Bank of England Preview

May 5, 2009

This month’s Monetary Policy Committee (MPC) meeting, whose announcement is set for Thursday at 11:00 GMT, will be uneventful and mirror last month’s.  In March, the Bank Rate was halved to 0.5%. Officials indicated that level would be the end of the line for cutting rates and immediately announced a 75 billion pound program of asset purchases over three months and consisting mostly of gilts.  The Committee promised to review its quantitative easing at its April and May meetings.  After meeting April 8-9, “the Committee agreed that there had been no material change in the conditions that had led them to the decision [in March] on the necessary scale and timing of asset purchases that was required.”  Its conclusion after this week’s meeting should be no different.

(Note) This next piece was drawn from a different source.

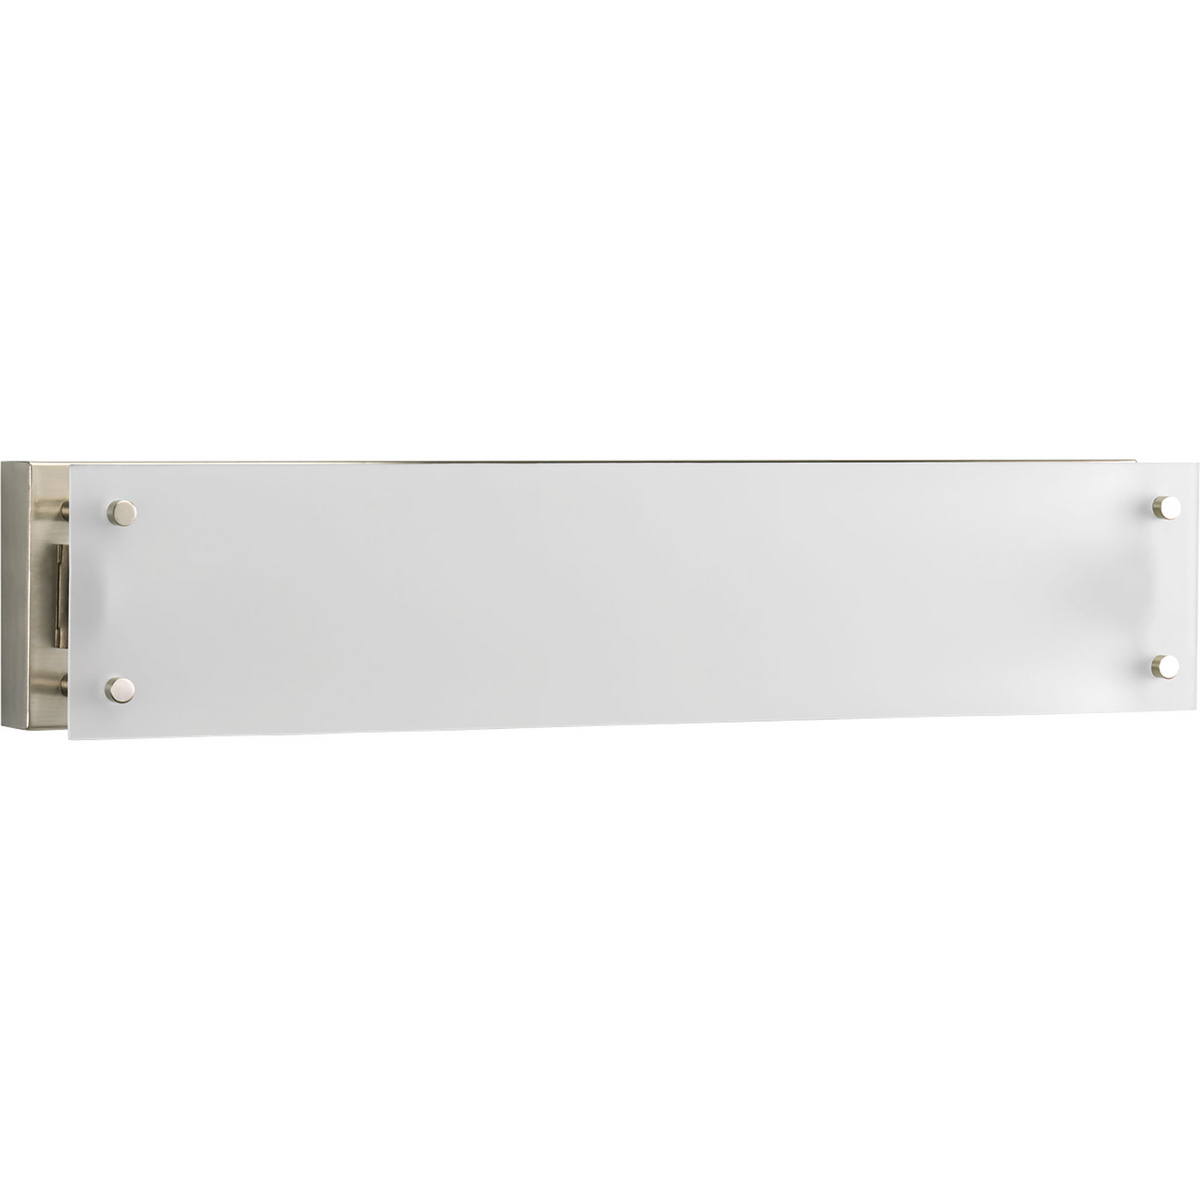 24 in Linear fluorescent Flat Glass Bath Fixture featuring a simple metal frame with an etched glass diffuser. This fixture uses long-life electronic ballast for superior performance and reliability. Damp location listed and California Title-24 compliant.

The global economy is perceived with less fear now than a month ago, and some of that has spilled over into Britain.  Exports jumped 20.6% in March. The British construction PMI improved 7.2 points to 38.1, and the manufacturing PMI in April was 2.9 points higher at 42.9.  Real retail sales in 1Q, up 0.9% from 4Q08 and 2.0% from 1Q08, was firmer than assumed.  Consumer confidence hit a 12-month high by one measure, and the CBI Distributive Trades Survey, a gauge of retail sector conditions, leaped 47 points to a 15-month high of +3 in April.  Sterling has appreciated 2.7% against the dollar and 1.8% against the euro since the last meeting, and the FTSE has risen 10.5%.  Ten-year gilt yields are 32 basis points higher, steepening the yield curve.  But make no mistake, Britain remains very depressed after seeing real GDP plunge 7.4% saar and 4.1% on year in the first quarter.  Bank of England monetary data in March failed to reveal a discernible lift from quantitative easing to corporate or household credit growth.  Auto production is down 51% from a year ago, and the jobless rate of 4.5% is at an 11-year high.  The annual budget was very poorly received, as such projected a near-doubling of the debt-to-GDP ratio to 81% by FY2013/14 despite overly optimistic projected growth in the out-years of a five-year forecast.

At its June meeting, the MPC will have to flesh out the next stage of its policy.  The process of communicating such information is likely to begin in the quarterly inflation report, due later this month, but it will probably not be addressed in this Thursday’s statement for immediate release.